> _PROBLEM_
Of the entries below, return only those lines from the line with "Gran Bretagna Katarina" to the line with "Les webcams pour", exactly, both included.

> _THE RECORDS_
*-*-*

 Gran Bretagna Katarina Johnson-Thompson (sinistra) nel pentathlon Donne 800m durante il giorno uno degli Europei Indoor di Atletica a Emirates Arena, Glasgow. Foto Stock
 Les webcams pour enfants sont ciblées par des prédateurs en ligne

*-*-*

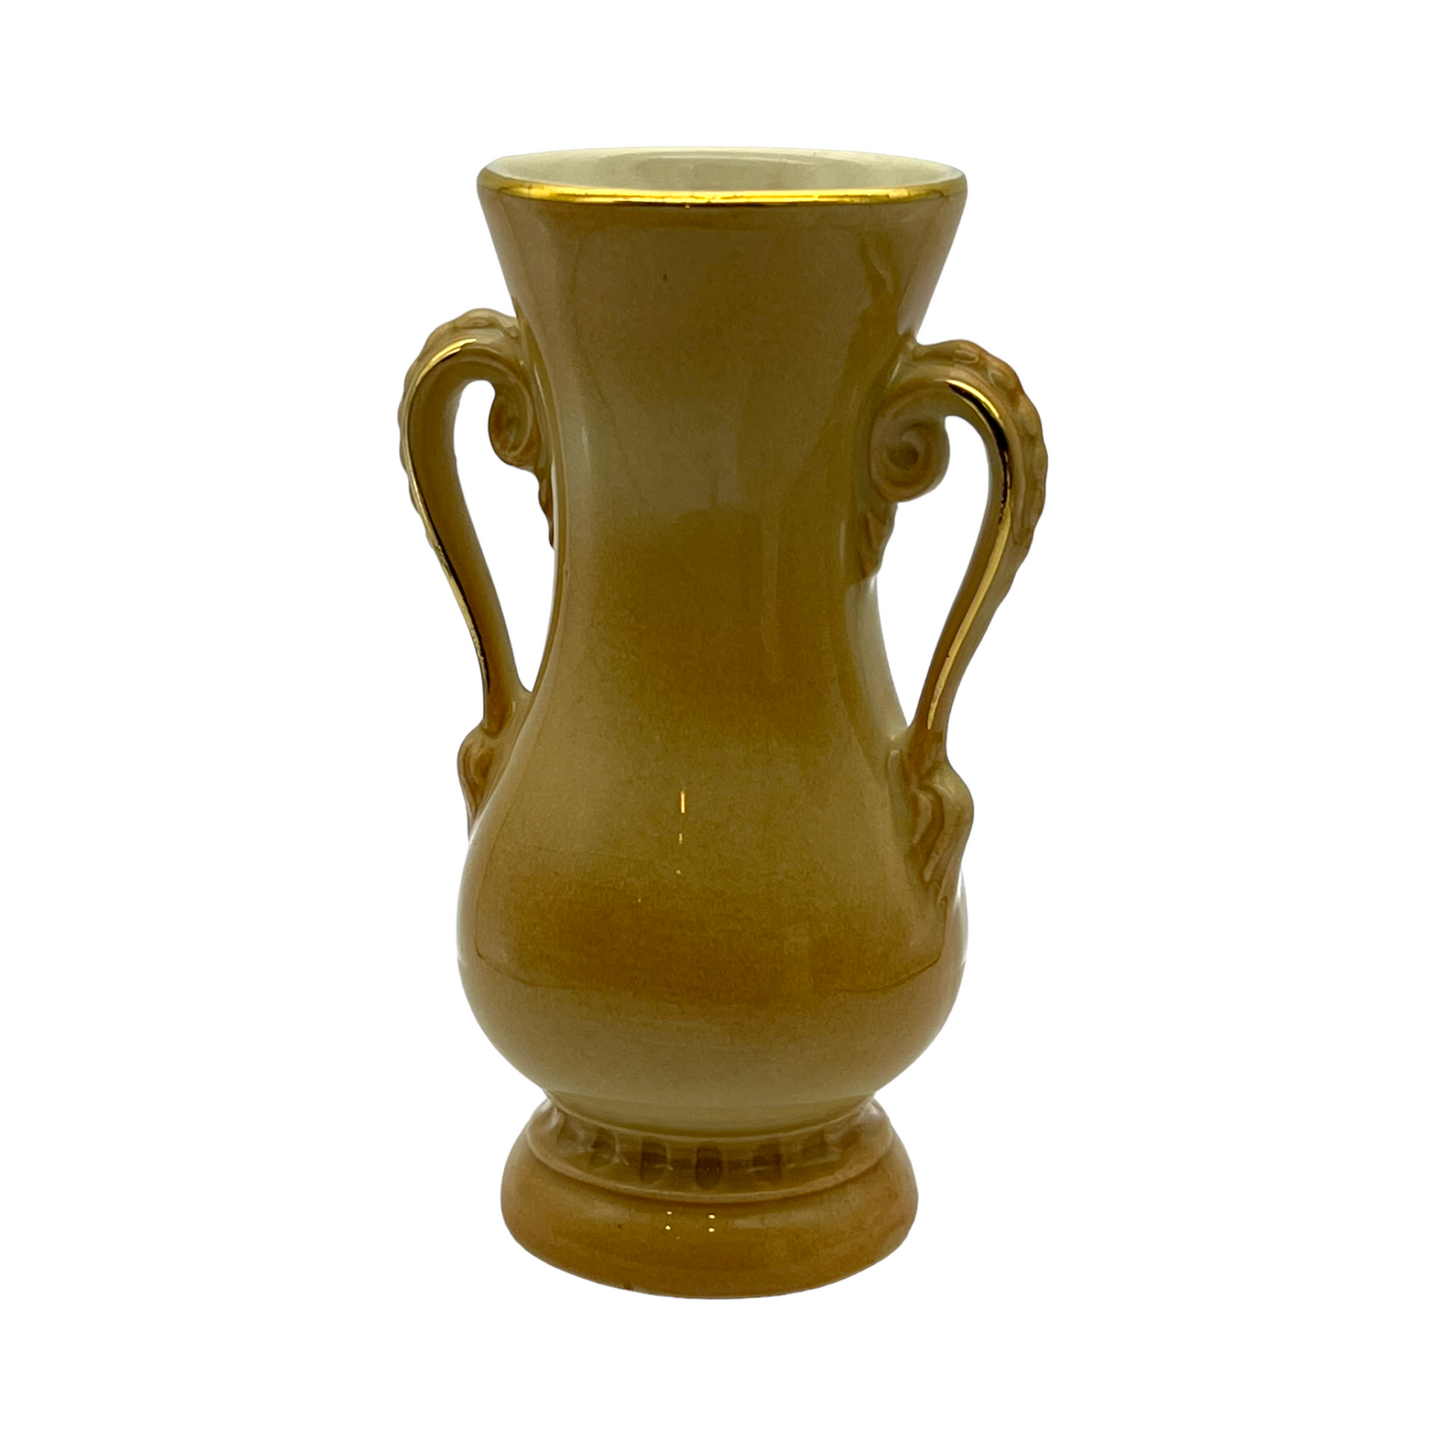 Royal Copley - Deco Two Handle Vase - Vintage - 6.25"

*-*-*

> _REPLY TO THE EXERCISE_
 Gran Bretagna Katarina Johnson-Thompson (sinistra) nel pentathlon Donne 800m durante il giorno uno degli Europei Indoor di Atletica a Emirates Arena, Glasgow. Foto Stock
 Les webcams pour enfants sont ciblées par des prédateurs en ligne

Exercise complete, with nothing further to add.